Он уже едва сдерживался. И мать, почувствовав это, потянулась к нему через стол, взяла за руку, и продолжила куда ласковей:
— Mein Junge, быть может, у тебя и в самом деле что-то большее к ней, чем просто привязанность, хотя это и кажется мне... очень странным. А у неё?
Рука под её пальцами невольно сжалась в кулак.
— Что ты хочешь сказать?
— Ничего обидного для... для твоей Марты. Я вполне верю, что она хорошо к тебе относится. Ещё бы! Вот только она ребёнок совсем, а делать из детской привязанности такие далеко идущие выводы, строить планы — это, по крайней мере, опрометчиво. Сейчас такое время, что в пятнадцать лет мало кто точно знает, чего хочет. Чего или кого. Так что ты очень торопишься, Платон. А заодно и её торопишь во взрослую жизнь. Думаешь, это правильно?
В этих словах матери был смысл. Марта действительно в последнее время очень рвалась повзрослеть поскорее. Это было всем заметно и немного забавно, особенно когда она принималась отстаивать свои взрослые права. И то, что это её стремление связано с ним, Платон понимал, конечно. Вот только никуда он её не торопил, даже наоборот, притормозить пытался стихию по имени Марта. Не слишком ловко и по большей части безрезультатно, но пытался... А с другой стороны, может, всё же торопил? Самим своим присутствием в её жизни?
Тем временем мать заметила, что он задумался, и продолжила давить на оказавшееся чувствительным место:
— Вот ты сам в семидесятом резко повзрослел, пока отец в госпитале лежал. Так разве это хорошо было?

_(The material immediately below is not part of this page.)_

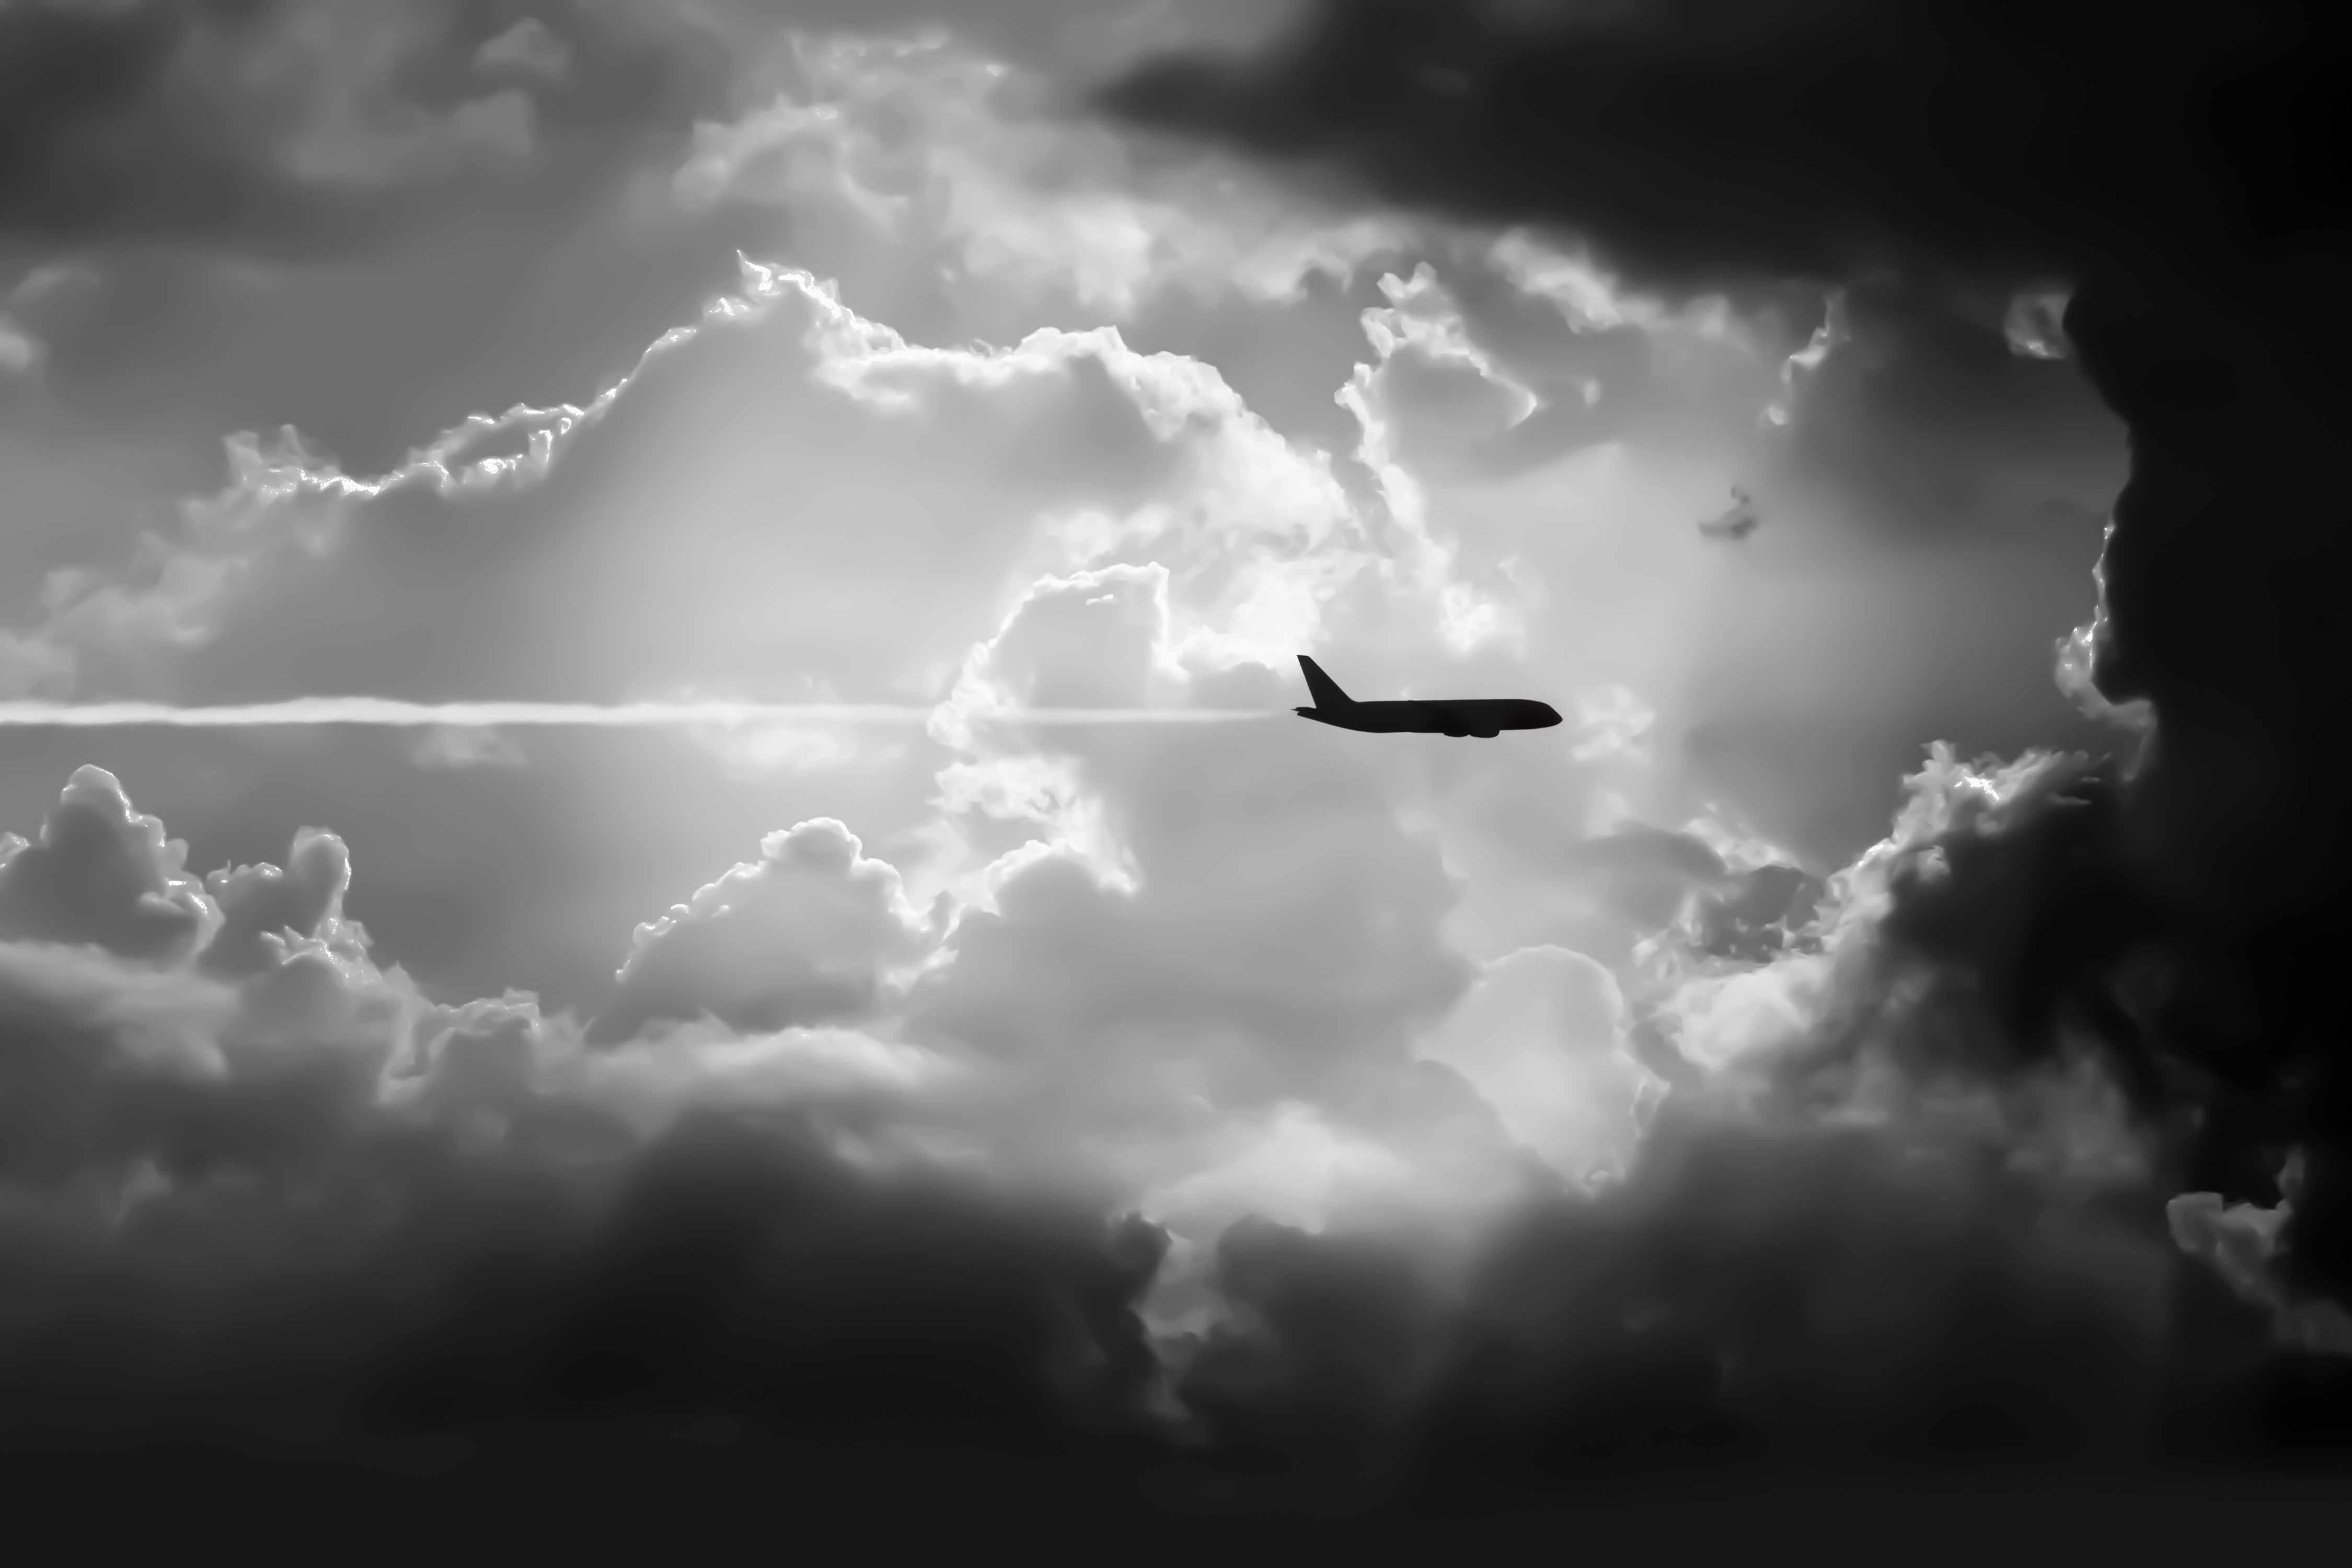 aircraft flying against dark storm clouds
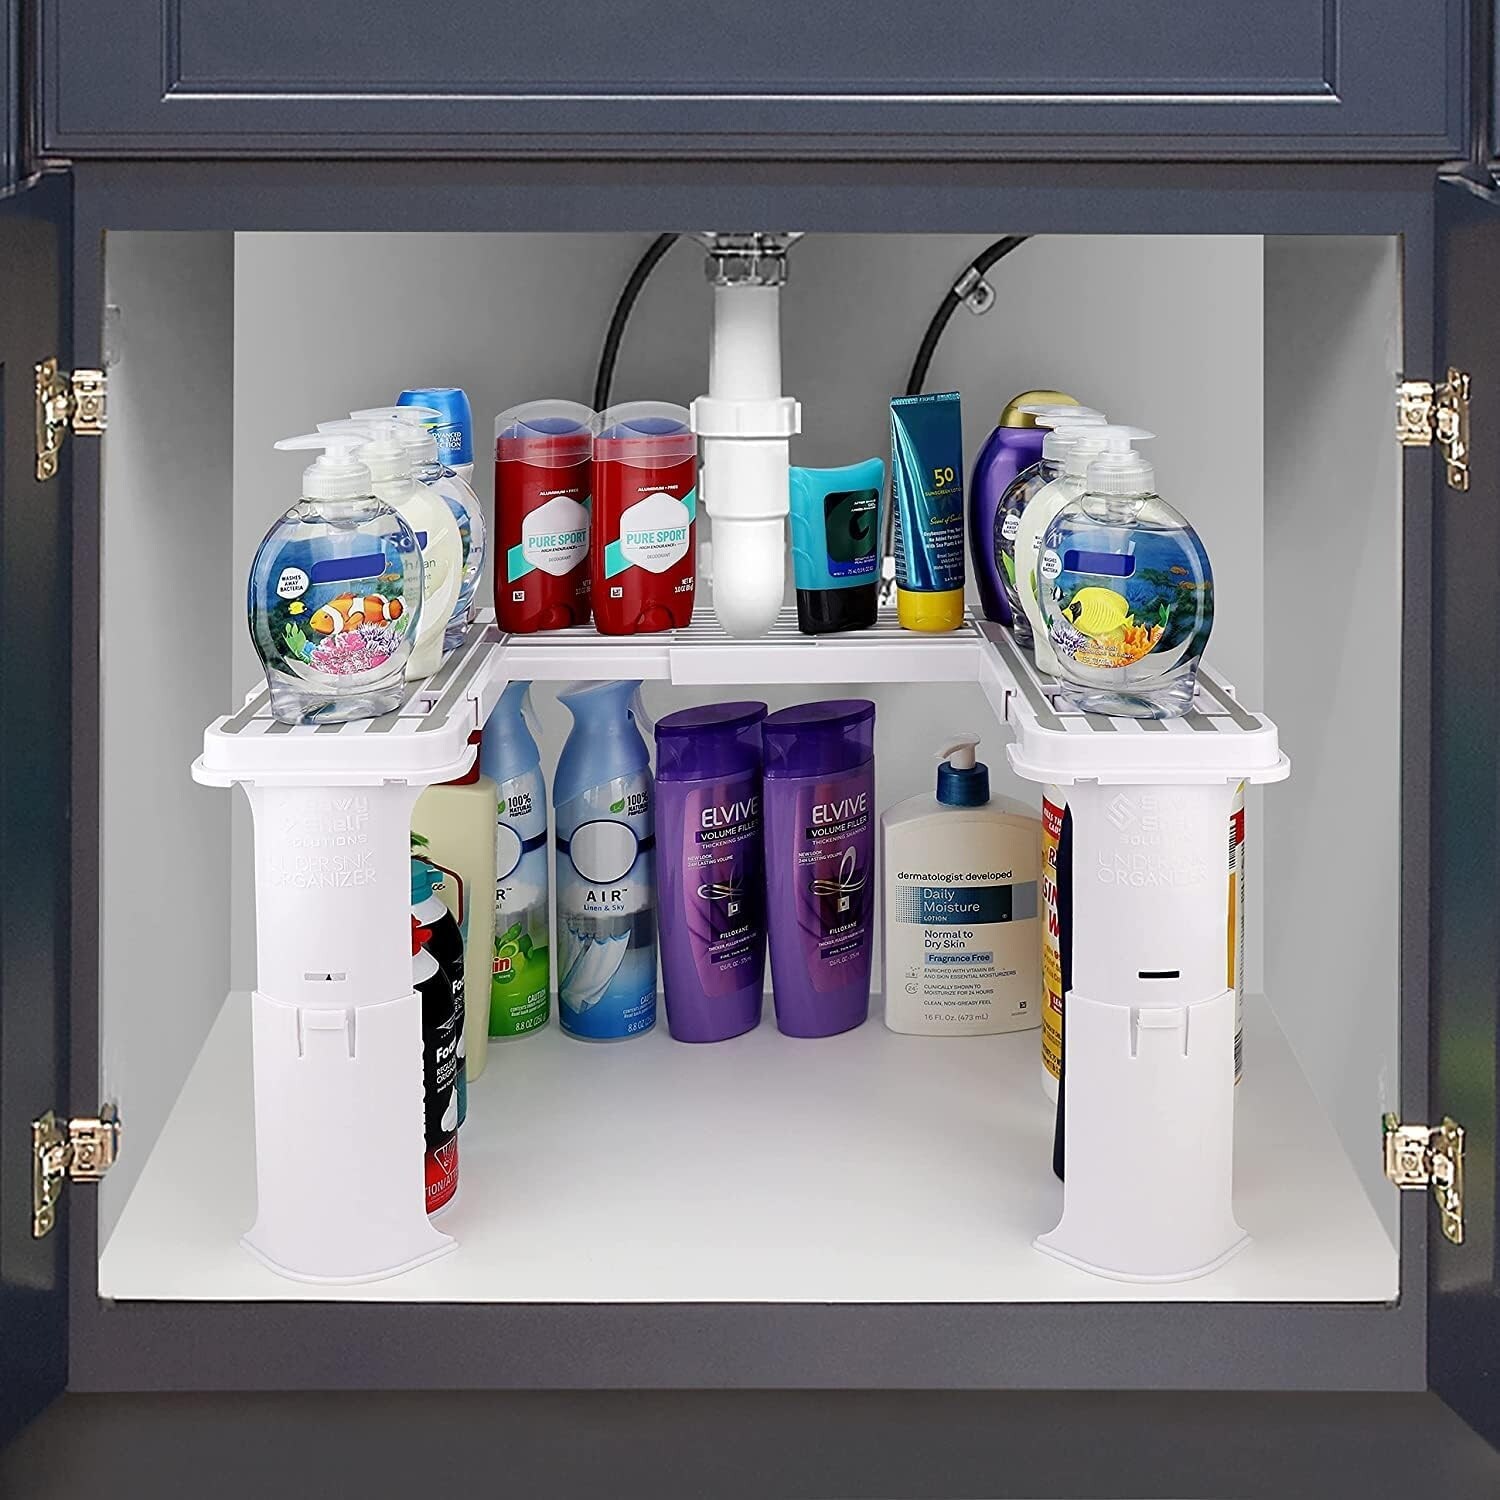 https://ak1.ostkcdn.com/images/products/is/images/direct/e189f96baac126b923b610e9664cc31a323f2c6d/Savvy-Shelf-Expandable-Under-Sink-Organizer-and-Storage.jpg

Нет, в семидесятом году для их семьи было мало хорошего. Сначала смерть бабушки, потом тяжёлое ранение отца. В тот год его детство закончилось окончательно и бесповоротно, но с Мартой сейчас всё было совсем по-другому.
— Вот зачем ты это, мама? — спросил он хрипло. — Какое это имеет отношение к Марте?
Мать смутилась, кажется. Отвела ненадолго глаза, снова непроизвольно потёрла виски. Странно, что она сама упомянула семидесятый год, он ведь и для неё был очень страшным, а о своих страхах Августа Генриховна Штольман предпочитала молчать.
— Я только хотела сказать, что какими бы ни были причины, нет ничего хорошего в том, чтобы повзрослеть раньше срока. Всему своё время, Платон.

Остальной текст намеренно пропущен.